In the event that the Joint Global Co-ordinators acquire New Ordinary Shares which are not taken up by Qualifying Shareholders, the Joint Global Co-ordinators may co-ordinate disposals of such shares in accordance with applicable law and regulation. Except as required by applicable law or regulation, the Joint Global Co-ordinators and their respective affiliates do not propose to make any public disclosure in relation to such transactions.

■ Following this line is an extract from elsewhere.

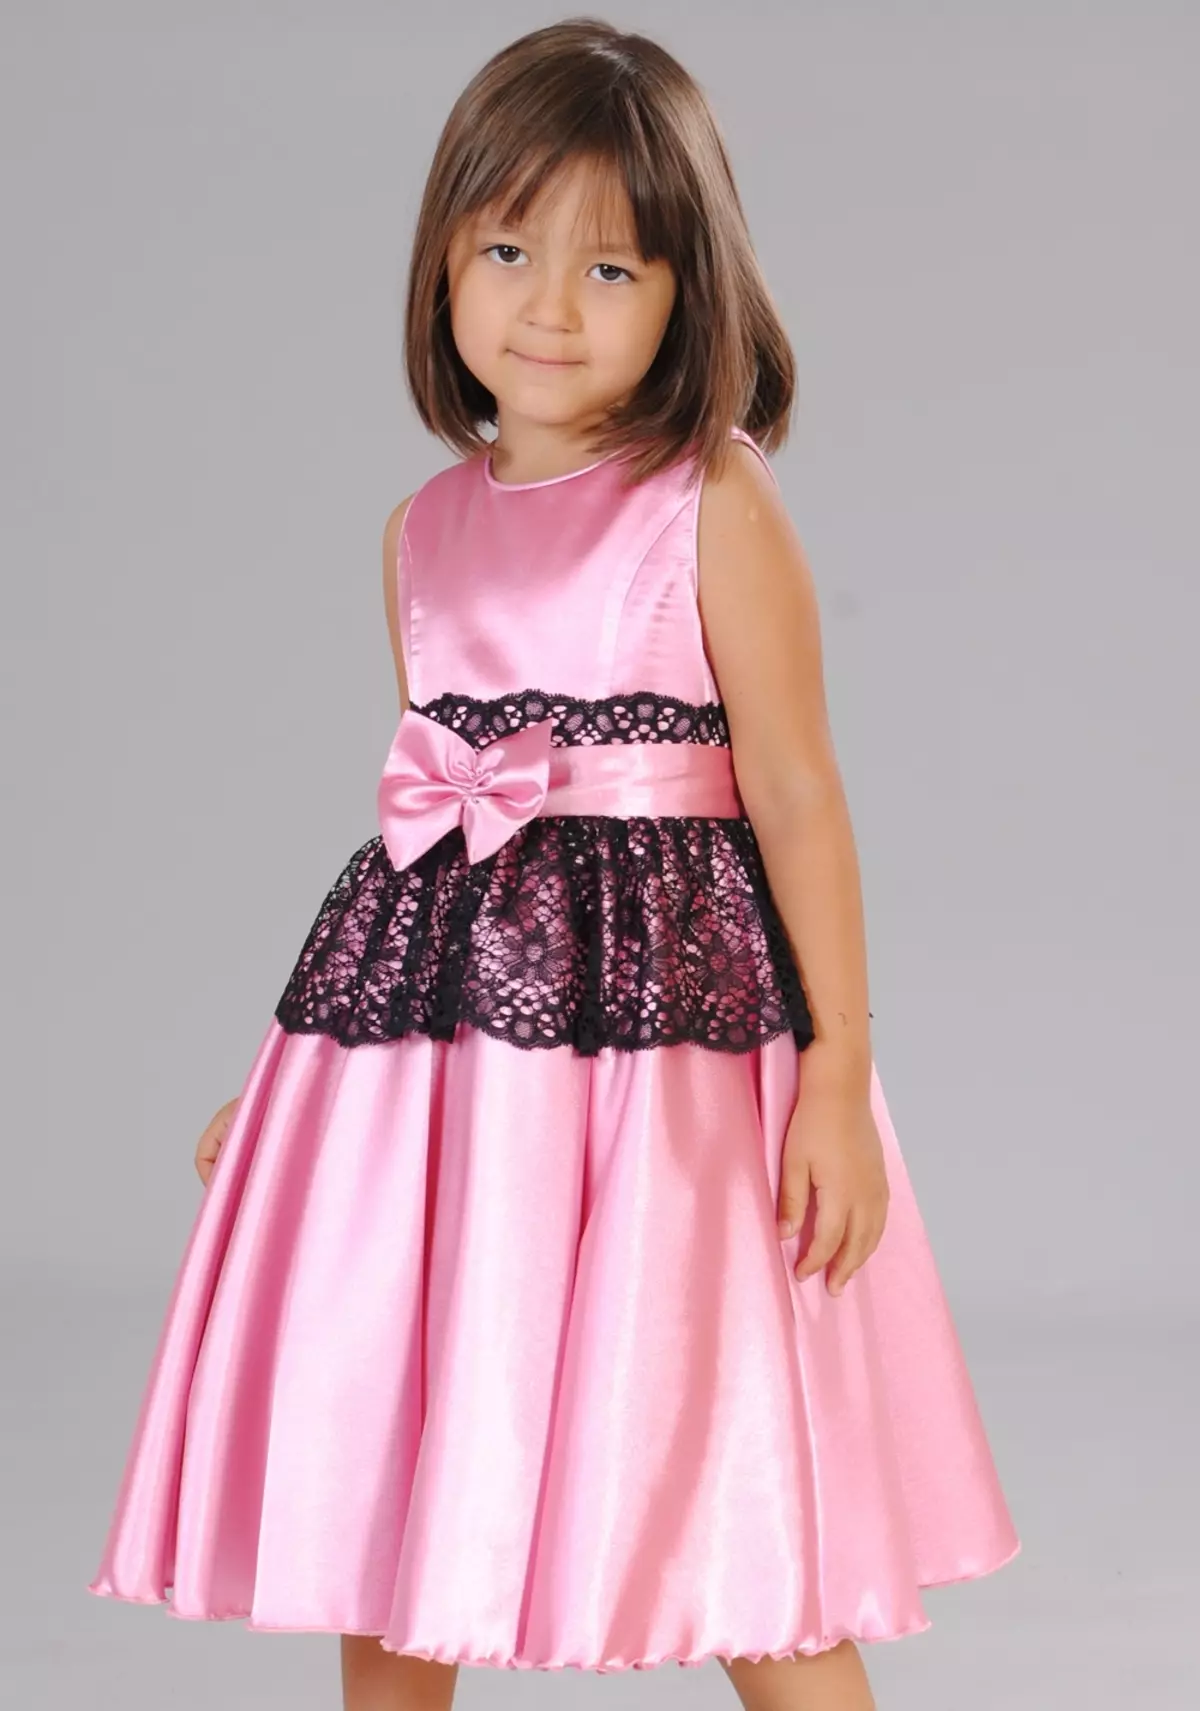 Cutie Susie (52 foto): uniforme scolastica, abiti, costumi e altri indumenti per bambini per ragazze 7 anni, recensioni di prodotti 3792_34

Information to distributors
Solely for the purposes of the product governance requirements of Chapter 3 of the FCA Handbook Product Intervention and Product Governance Sourcebook (the "UK Product Governance Requirements"), and disclaiming all and any liability, whether arising in tort, contract or otherwise, which any "manufacturer" (for the purposes of the UK Product Governance Requirements) may otherwise have with respect thereto the New Ordinary Shares have been subject to a product approval process, which has determined that they each are: (a) compatible with an end target market of retail investors and investors who meet the criteria of professional clients and eligible counterparties, each as defined in Chapter 3 of the FCA Handbook Conduct of Business Sourcebook; and (b) eligible for distribution through all permitted distribution channels (the "Target Market Assessment"). Notwithstanding the Target Market Assessment, "distributors" (for the purposes of the UK Product Governance Requirements) should note that: the price of the New Ordinary Shares may decline and investors could lose all or part of their investment; the New Ordinary Shares offer no guaranteed income and no capital protection; and an investment in the New Ordinary Shares is compatible only with investors who do not need a guaranteed income or capital protection, who (either alone or in conjunction with an appropriate financial or other adviser) are capable of evaluating the merits and risks of such an investment and who have sufficient resources to be able to bear any losses that may result therefrom. The Target Market Assessment is without prejudice to any contractual, legal or regulatory selling restrictions in relation to the Capital Raising. Furthermore, it is noted that, notwithstanding the Target Market Assessment, the Joint Global Co-ordinators will only procure investors who meet the criteria of professional clients and eligible counterparties.
For the avoidance of doubt, the Target Market Assessment does not constitute: (i) an assessment of suitability or appropriateness for the purposes of Chapters 9A or 10A, respectively, of the FCA Handbook Conduct of Business Sourcebook; or (ii) a recommendation to any investor or group of investors to invest in, or purchase, or take any other action whatsoever with respect to, the New Ordinary Shares. Each distributor is responsible for undertaking its own target market assessment in respect of the New Ordinary Shares and determining appropriate distribution channels.